El sol bajaba y la incertidumbre subía.
Ávida de respuestas, caminé hasta el surtidor de nafta, como si de una estación de servicio se tratara. Nadie por allí, nadie por aquí.
Caminé hasta el aparcamiento de caravanas, con la esperanza de encontrar algún viajero. Pero no, las carretas allí estacionadas, estaban mohosas con yuyos resecos entre las llantas desinfladas, por largo tiempo detenidas en el olvido y ocupadas por los mineros de menores recursos, que obviamente sólo irían a trabajar, como último y único destino.

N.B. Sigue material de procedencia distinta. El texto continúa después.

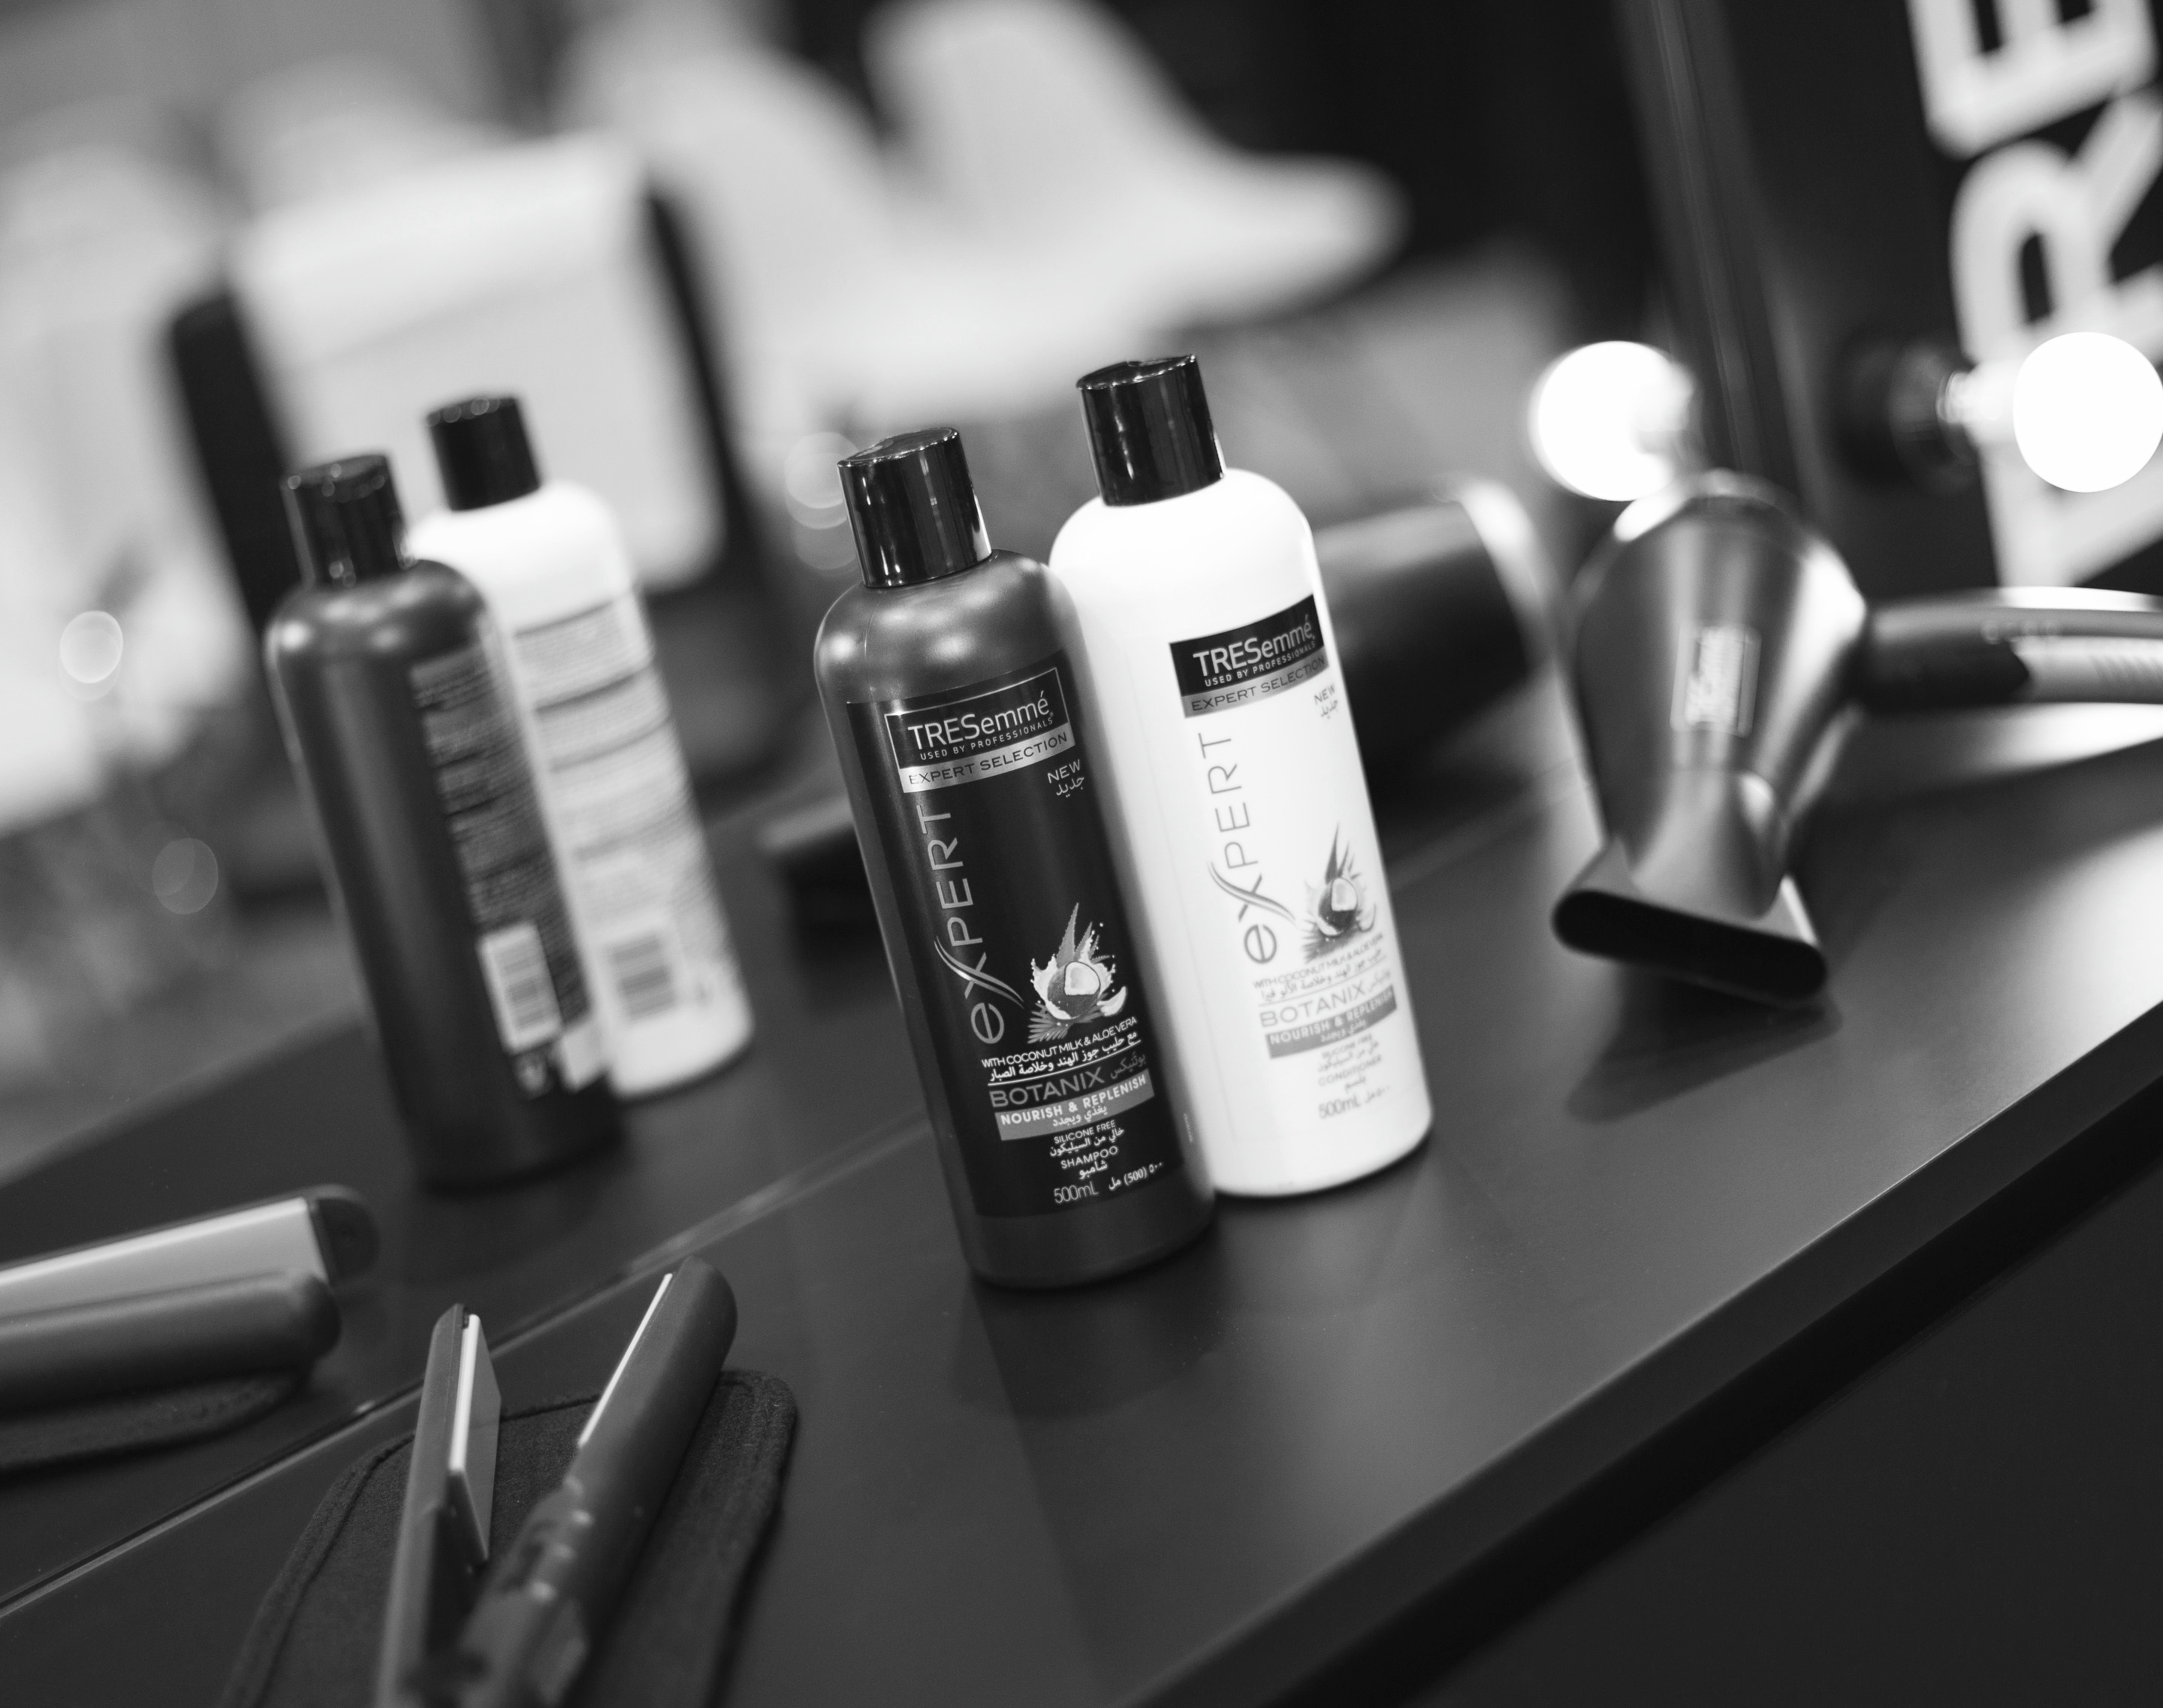 A range of Tresemme products.

No me quedó otro recurso, que avergonzada, pedirle asilo a Ricardo por otra noche más.
Me lo otorgó muerto de risa y sin más! Esa noche trajo milanesa de pollo a la napolitana y otra cerveza. Olvidé mi vegetarismo y le hinqué el diente con la frustración anudada entre las lágrimas.
De repente me acordé! Sabía que en las afueras del pueblo -aunque sonara ridículo- había una pequeña pista de aterrizaje que usaban los mineros en emergencias. Debía averiguar si aceptaban pasajeros. ¿Adonde vuelan?
Me dormí entre la duda y la aceptación del volantazo que debía dar urgententemente.
A primerísima hora conseguí el teléfono de “la señora que se ocupaba de eso”. O sea, la que te informa, te vende el pasaje, te recibe la valija, la sube a la avioneta y cierra la puerta.
Estaba de suerte! Sólo vuelan los miércoles a las 10 de la mañana. A Perth.
Eran las 8.00 am., deme un boleto, por favor.
Cerré el trato conmigo misma, con la humildad de saber que lo había intentado todo.